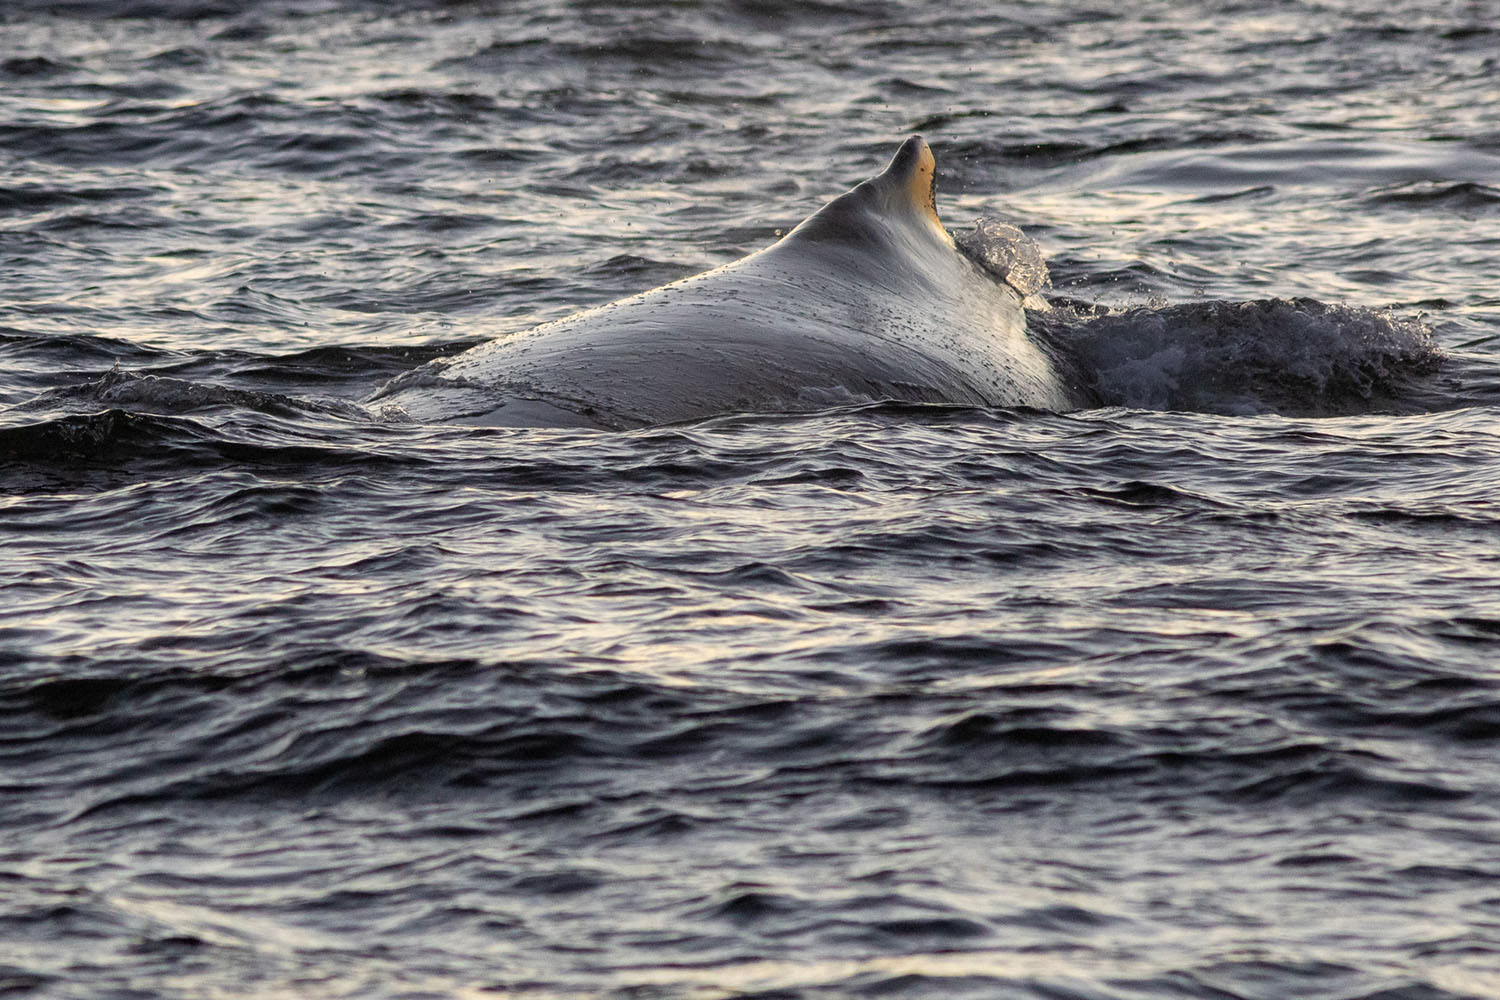 voyage scientifique - orques et baleines a bosse de norvege 46
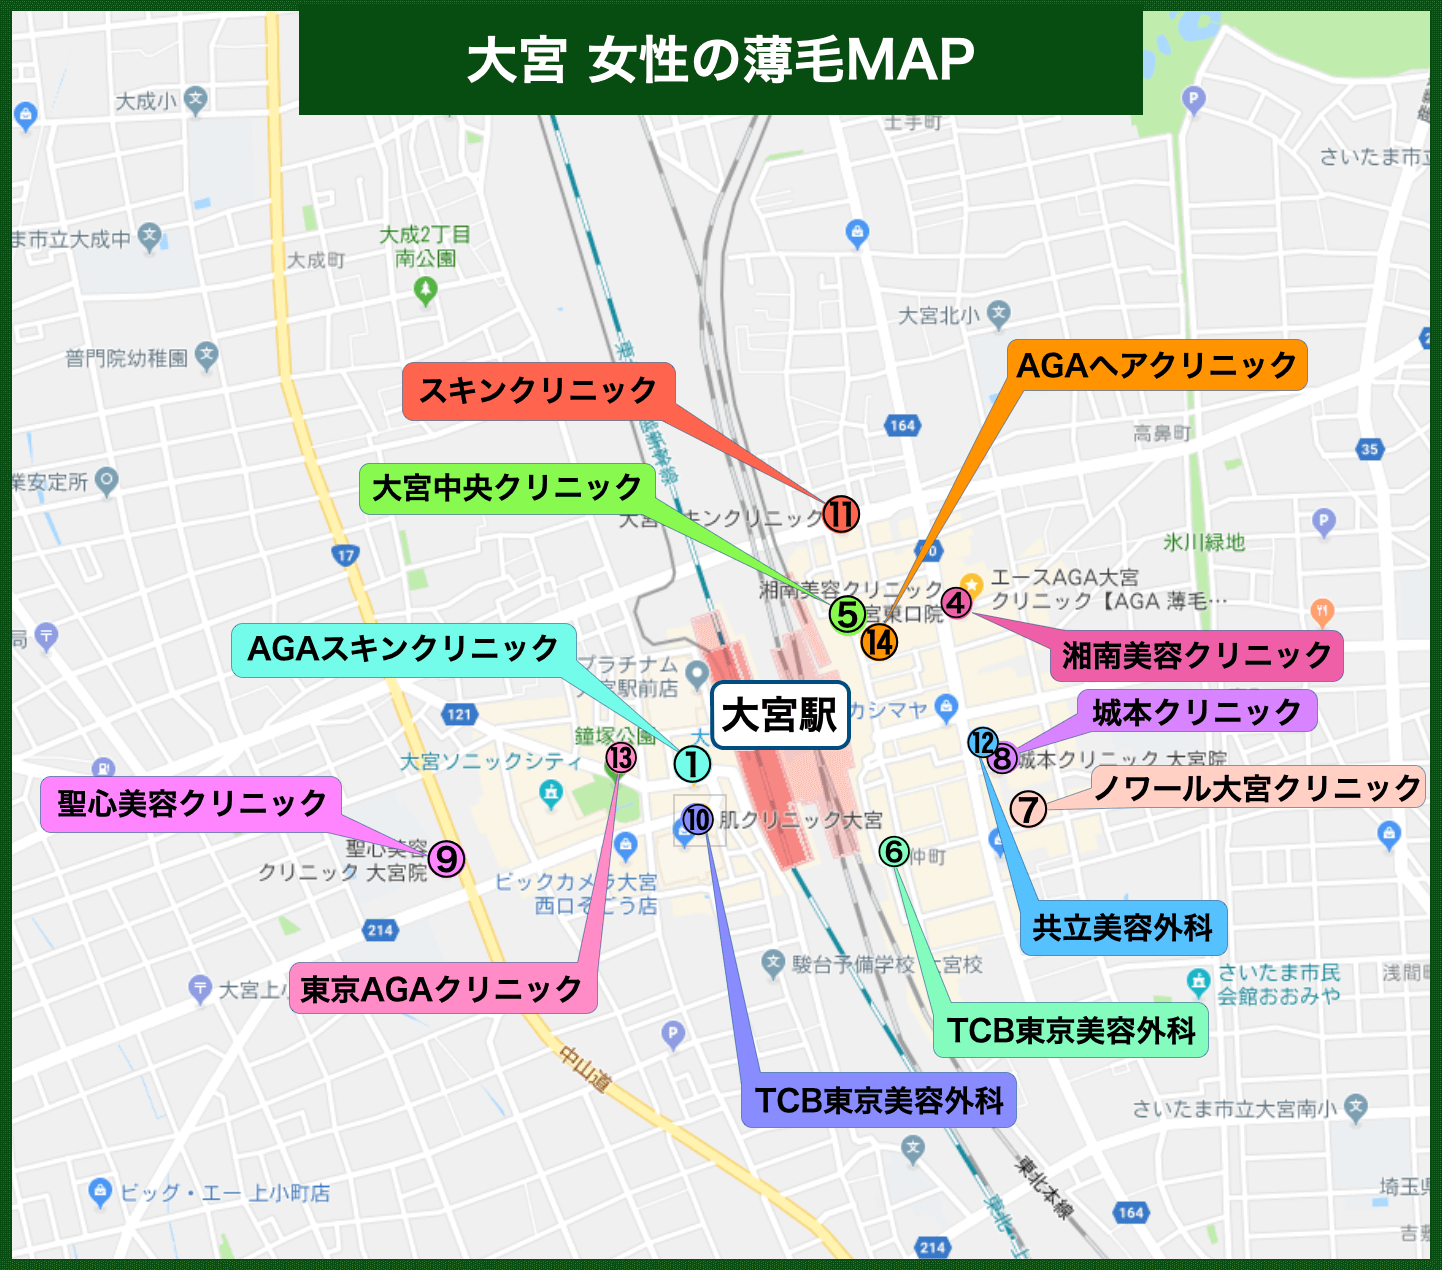 大宮駅女性の薄毛MAP
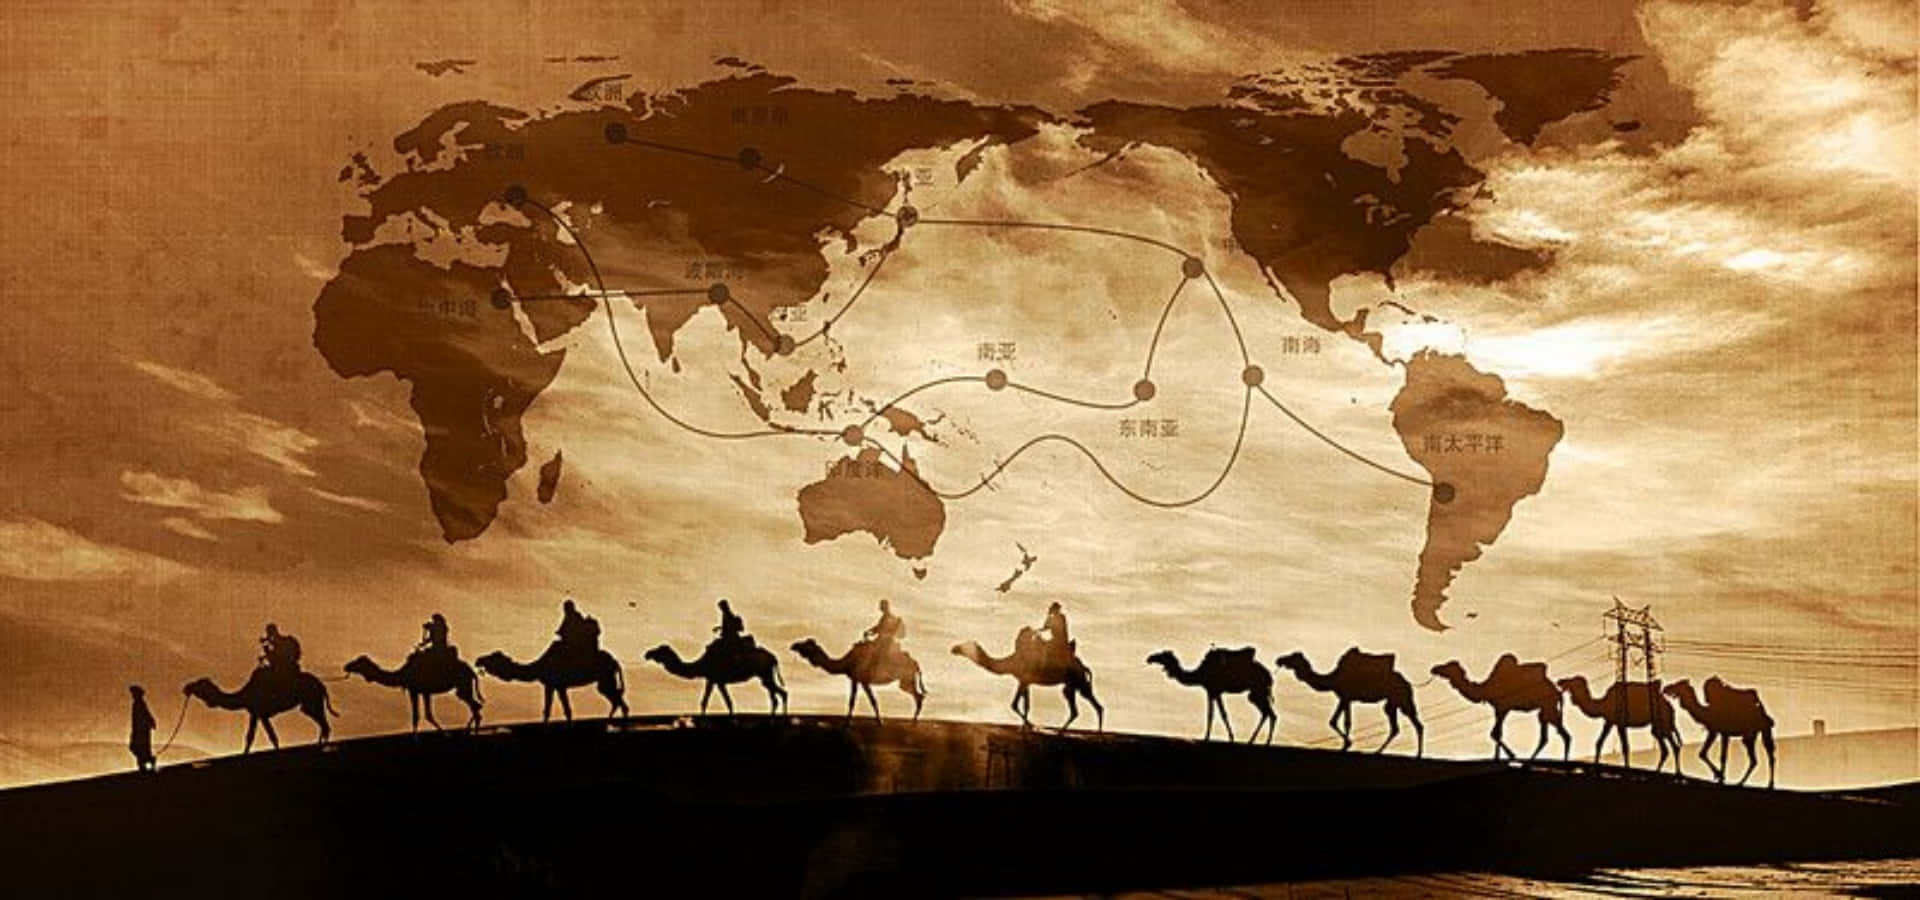 Ungrupo De Camellos Con Un Mapa Del Mundo

------------------------------------

Instructions for the task - Could you give back the full listing word for word, leaving out the images?

Answer space -
 voyage scientifique - orques et baleines a bosse de norvege 46
 大宮駅女性の薄毛MAP
 Ungrupo De Camellos Con Un Mapa Del Mundo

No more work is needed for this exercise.